Is targeting thermogenesis a viable treatment option for obesity/metabolic disease?

Overweight people will have even lower surface area to volume ratio than normal people! 

At the moment several groups are trying to develop strategies to increase the "browning" of fat. There exist several reviews:

Mol Cell Endocrinol. 2013 Oct 15;379(1-2):43-50.

Nat Rev Endocrinol. 2014 Jan;10(1):24-36.

This review provides a nice explanation:

In the 1930ies dinitrophenol, a protonophore which "leaks" the mitochondrial membrane, was used in the US as a diet-pill. There were several fatalities because of lethal hyperthermia, and chronic use led to blindness due to cataracts. I think adverse effects of even a slight hyperthermia, if it 's chronic, could be prohibitive in humans.

Hi David. Yes, definitely. You will not be able to measure an increase in body temperature - at least not systemically. Thus, re-activation of brown fat in humans - or maybe generating some active "beige" fat - represents one on the most promising and exciting approaches to fight obesity. Best wishes from Vienna, -harald

One can also take L-Thyroxine to push the levels closer to the upper end of normal spectrum, which is more than likely to use up reserve energy (provided the intake remains the same), just as wasting energy by fooling the normal thermogenesis. Both approaches have similar theoretical potential and both are dangerous in the long-run.

Rather than "promising", a sure way to control obesity has always been the "boring" consumption of balanced diet combined with exercise.  ;)
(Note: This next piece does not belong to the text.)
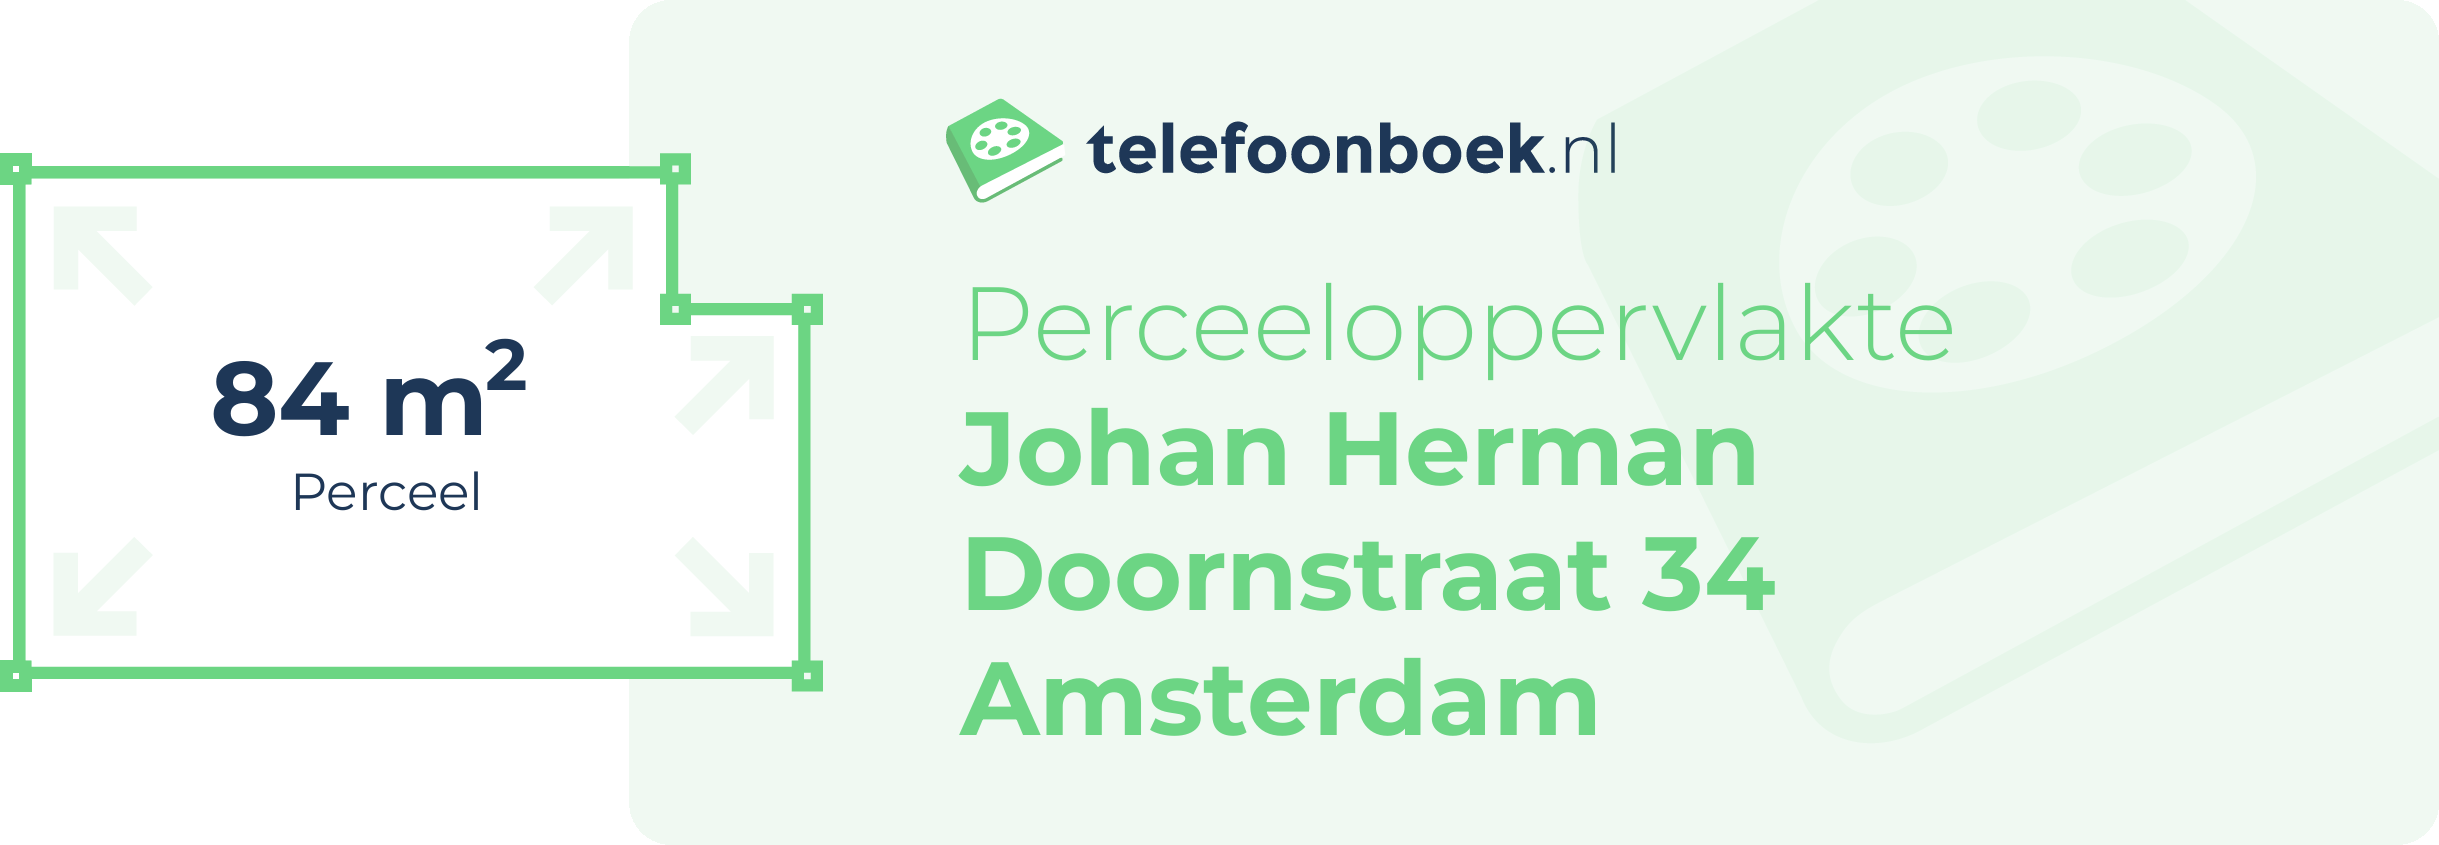 Perceeloppervlakte Johan Herman Doornstraat 34 Amsterdam

Hi David!!. I think that at this moment this is hot topic in obesity field. Since several years ago that it was demonstrated that humans, under certain circumstances, could reactivate, the capacity to dissipate heat is fantastic by BAT. I remember you that scientific community thought for a long time that BAT dissapeared after birth in humans. Then, since 2009, BAT reactivation is one of the most exciting possibilities for burning fatty acids in mitochondria by increasing non-shivering thermogenesis

The nice article i have read recently

Moisan A, Lee Y-K, Zhang JD, Hudak CS, Meyer CA, Prummer M, et al. White-to-brown metabolic conversion of human adipocytes by JAK inhibition. Nature cell biology. 2014

Is a very interesting topic today. As per Herald, yes,  we may not be able to measure the temperature rise but using K4B2, we may measure the energy expenditure , change in  RQ  and the diet Induced thermogenic effect of specific food or ingredient. BAT is related to mainly adoptive thermogenesis for cold.
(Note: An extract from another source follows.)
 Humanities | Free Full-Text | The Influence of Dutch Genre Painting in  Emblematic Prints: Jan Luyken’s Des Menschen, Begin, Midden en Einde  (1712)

Use of L-Thyroxine may be an easy way of loosing body wt for normal people but if the obesity is resistant type due to hypothyroidism, L-Thyroxine will not be effective .

Levothyroxine will lead to weight loss in Hypothyroidism primarily by facilitating weight loss by other means. Furthermore there are TH receptors in brown fat that suggests physiological role for thyroid hormone. In hypothyroid state weight loss induced by TH is not always related to thermognesis alone. Loss of retained fluid and better water clearance through improved renal blood flow are other reasons.

although most of research on obesity is concenrating on white adipose tissue and the development,differentiation ie hypertrophy and hyperplasia of adipocytes and pfeadipocyytes in WAT and role of inflammation and macrophage infiltration directly or conversion of preadi[ocytes,metabolic endotoxemia,gut microbiota lreading to increased LPS absorption from increased GIT permeability with altered gut microbiota is some of the aetiopathogenesis with infiltration of Treg cells,cdt4. CHT8 cellsiNKT CELLS th17 all have ben found but importance is being given simultaneously to the microrna which affect the differentiATION OF BRITE AND BROWN ADIPOCYTES AND IMPORTANCE OF MIrna'S 26,155,27a,b,130 a ,miR155 etc in adipocyte differentiation and how further roles of FGF21 may affect thermogenesis and natriureteic peptides

I agree that browning of white fat is one of the most promising options in reducing obesity through mechanisms of uncoupled respiration but it is well established that the mechanisms of thermogenesis in humans is different from that in rodents. There is evidence that in humans a significant amount of heat is produced by skeletal muscle and the actions of Uncoupling Protein 3 (UCP3).  One interesting idea is to look at the actions of UCP3 in skin, where it is endogenously expressed.  Our lab has data suggesting that overexpression of UCP3 in skin is sufficient to lower body weight and prevent diet-induced obesity.  There does not seem to be a change in body temperature in these animals presumably because they are able to dissipate excess heat externally.